Гражданских видим очень мало. Но, кажется, служить здесь недолго, скоро переедем…”
Так Шурка писал из Забайкалья в конце лета 67-го года. Уточню: в кафе “Молодежное” на Горького в те годы работал рок-клуб, и это было единственное в Москве место, где всякий вечер можно было легально слушать живую, имитировавшую “западную” поп-музыку.
Наряду с понятной юношеской бравадой в этом письме есть следы и ненаигранной эйфории: наверное, Шурка и вправду вздохнул вольней, избавившись – пусть на время – от своих восемнадцатилетних проблем. Кажется, он уже устал в одиночку нести груз собственной свободы – очень понятное ощущение юного человека,- и странным образом армейские порядки поначалу пришлись по нему. Заканчивается это письмо так: “Кстати, как там Неля? Ты ей не звонил случайно? Если не звонил, то позвони.
Ее телефон Б-3-78-78. Скажи, чтобы зашла на почту за письмом. Я ей написал. Это единственное тебе поручение, я знаю, как ты неохотно их исполняешь…” Дальше идут приветы моим приятелям, которых он знал: уже через несколько месяцев передавать приветы кому бы то ни было Шурка прекратит.
Письма, судя по аккуратно проставленным датам, в первый год он писал мне часто и регулярно – по три в месяц. Писал на ученических тетрадочных страничках то в клетку, то в линейку, пару раз на листочках, вырванных из блокнота, причем без орфографических ошибок и без единой помарки. “Многоуважаемый
Николай Юрьевич!

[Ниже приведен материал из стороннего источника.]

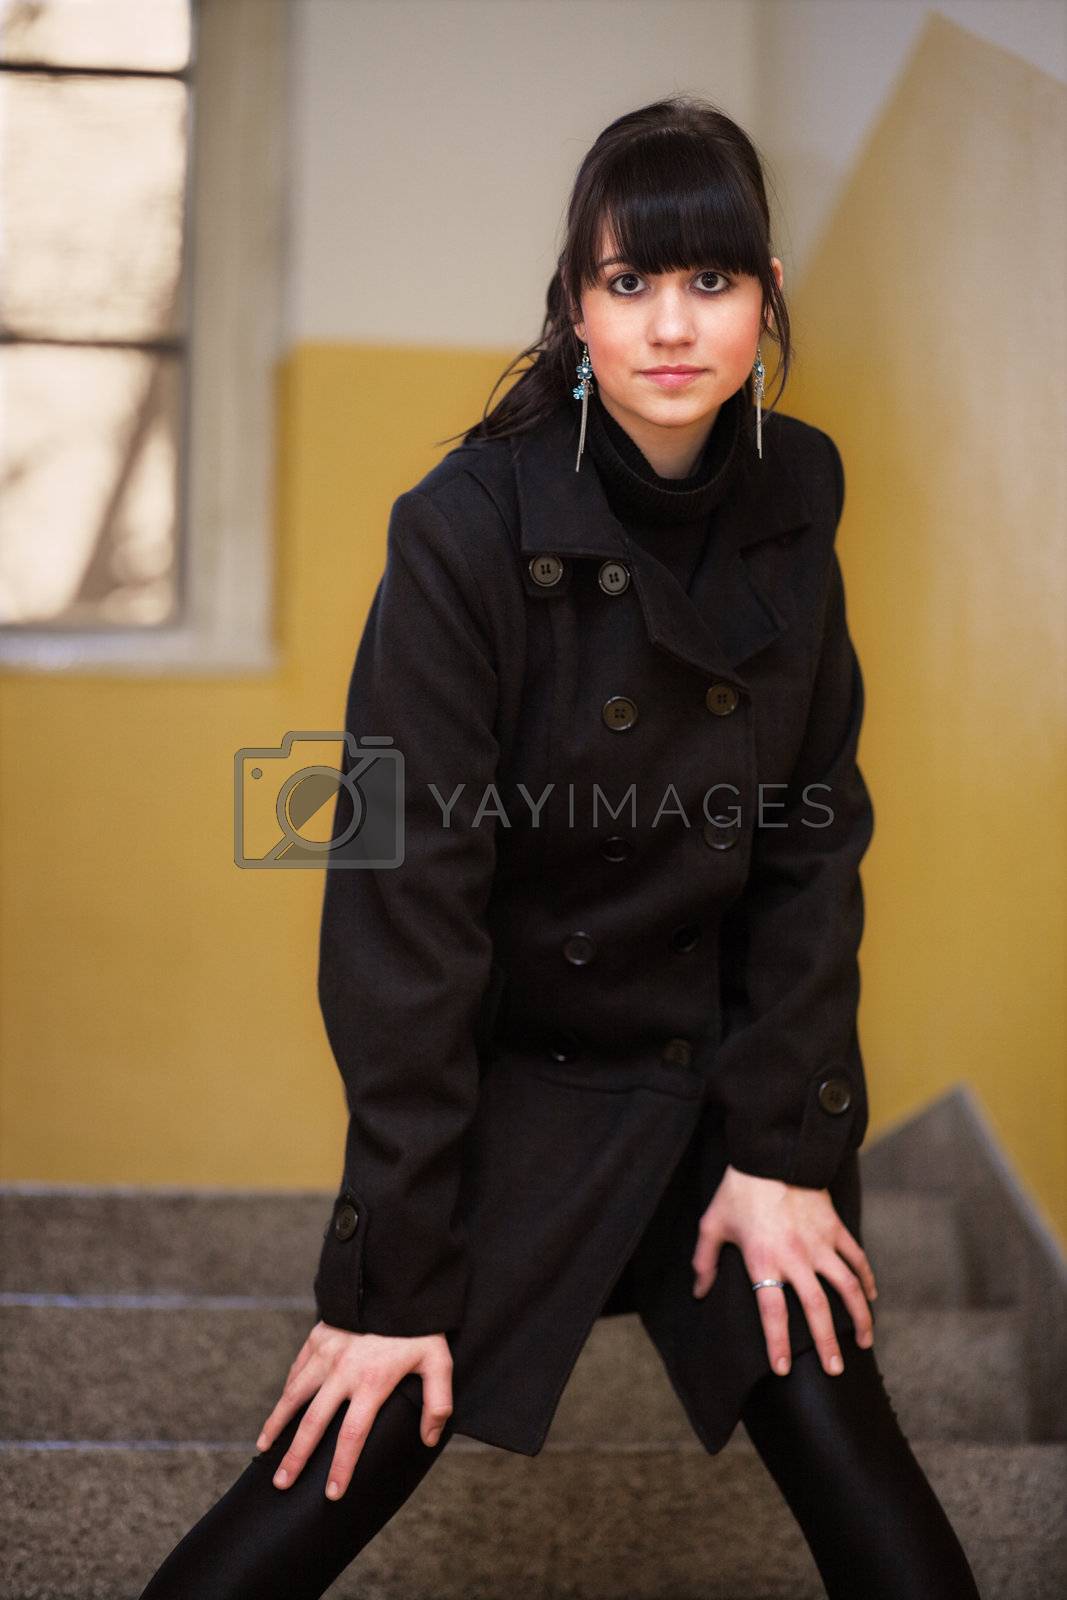 Royalty free image of brunette girl by MikLav

Наконец-то ты вступил в пору юношества, поскольку сокрушаешься о потерянном веселом отрочестве”,- так начинается одно из следующих писем. Писано оно через полтора месяца после того, как мне исполнилось шестнадцать и я заканчивал девятый класс. Трудно теперь сказать, что я сообщал тогда Шурке, но, видимо, милицейская церемония получения паспорта произвела на меня не самое обнадеживающее впечатление.
“Тебе московские девочки кажутся потрепанными, а у меня даже таких нет”,- читаю дальше. Быть может, я в своем письме предпринимал неуклюжие попытки утешить его: мол, немногого ты лишился. “Офицерские дочки напуганы солдатами до смерти, ну а об офицерских женах и мечтать не приходится”. Впрочем, письмо выдержано в победных тонах: “Сейчас вечер, а утром из окна вагона я крикну: “В гробу я видел это Забайкалье, постараюсь больше сюда не возвращаться. Дранг на Европу, господа удавы!”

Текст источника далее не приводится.